В 1905 г. возвещением конституции власть и общество возвращались к традиции Александра II, от которой пришлось временно отступить после гибели царя-освободителя. С этой целью 18 октября 1905 г. Витте пригласил для переговоров Бюро земских съездов. Но общественность, в лице этого Бюро, не захотела тогда примирения с властью; как полагалось в войне, она требовала «капитуляции без всяких условий». Соглашение не состоялось. Следующие попытки были сделаны уже при Первой Думе; сорваны они были более всего непримиримостью кадетов, которые требовали парламентарного кадетского министерства. Николай II, под влиянием Столыпина, на это не шел, и Дума была распущена. Николай II к тому же опасался создать прецедент парламентской практики формирования кабинета министров16. Третью, и последнюю, попытку привлечь общественность к управлению сделал сам Столыпин немедленно после роспуска Думы. Она тоже не удалась и уже не повторялась вплоть до 1917 г.
Оправдало ли себя чрезвычайно-указное законотворчество, так широко использованное в междумский сезон? Неудача в попытке привлечь в свой кабинет Шипова, Львова, Кони, а еще более неудача на думских выборах говорят сами за себя. Ведь и на исходе XX в. вопрос о чрезвычайно-указной практике стоит по-прежнему остро. Пример России, как и других стран, убеждает, что обыкновенный законодательный порядок обсуждения в представительных учреждениях не приспособлен к переломным эпохам, «обновлению жизни». Различные формы и виды демократии вынуждены в этих условиях прибегать к исключительным полномочиям. Статья 87 как раз была одной из таких процедур. Принципиальное ее осуждение является чистым доктринерством, противоречащим требованиям жизни. Но все-таки должно признать, что если этими законами такая цель ставилась, то она не была достигнута и что расчеты на то Столыпина показали непонимание им социальной психологии и некоторых важных правовых проблем.

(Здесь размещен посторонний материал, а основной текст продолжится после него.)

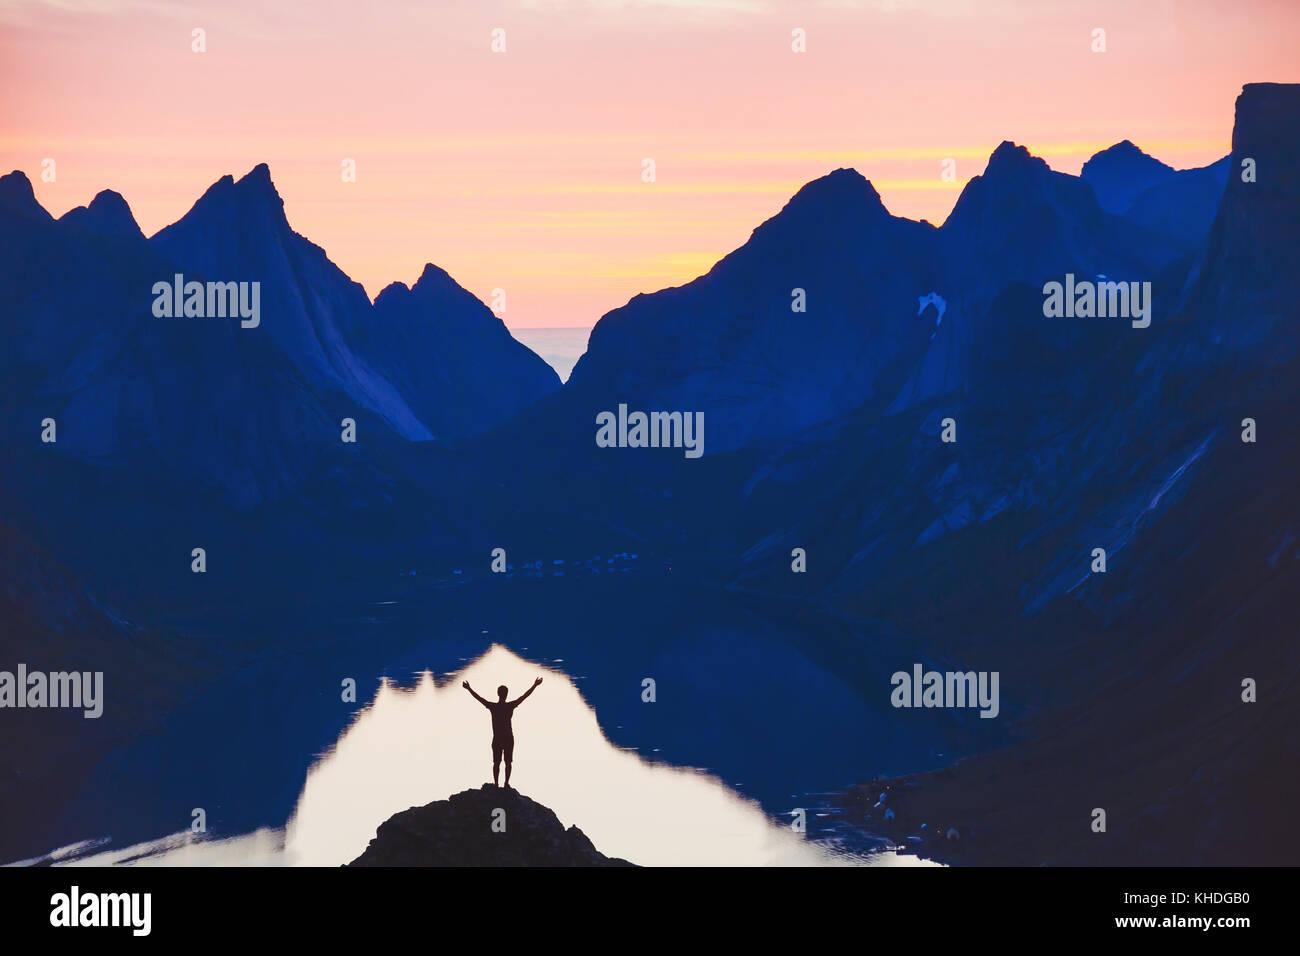 Les gens et la nature, la silhouette de la personne avec les mains posées sur le magnifique paysage de montagne Photo Stock

Во-первых, наиболее серьезные из законов, подготовленных им, не могли дать благотворительных скорых результатов именно потому, что должны были бы очень глубоко проникнуть в народную жизнь. Типичный образец — Закон 9 ноября о выходе из крестьянской общины. Нужны были годы, а не месяцы, чтобы выгода его была всеми уяснена. (Если она вообще была?!)
Во-вторых, в условиях обостренной политической ситуации рискованно было касаться наболевших вопросов. А. Токвиль недаром указывал: «Самый опасный момент для дурного правительства наступает тогда, когда оно начнет исправляться». Именно тогда начинается сравнение того, что дают, с тем, чего требуют, и с тем, что другие легко обещают. Наиболее яркий пример — аграрные законы Столыпина. Правительство хотело удовлетворить земельные нужды крестьян, передав несколько миллионов десятин Крестьянскому банку для продажи крестьянам. Это дало повод требовать уже не продажи, а безвозмездной раздачи этих земель, обещать крестьянам не только казенные, но и помещичьи земли, настаивать на принудительном их отчуждении и т. п. Как государственная программа план Столыпина был дальновиднее планов подобного рода, но как «электоральная» платформа он не оправдывал ожиданий крестьян17. Поэтому проводить свои аграрные законы с целью умиротворения было наивно. Столыпин только оттолкнул ими от правительства «крестьянские массы» и отдал их в руки опасной для него социальной демагогии. Это не значило, что нужно было вовсе от них отказаться. Но от них нужно было ждать не успокоения, а нового взрыва страстей, и это учитывать. Власть сделала наоборот, дополнив свой пакет указов введением военно-полевых судов.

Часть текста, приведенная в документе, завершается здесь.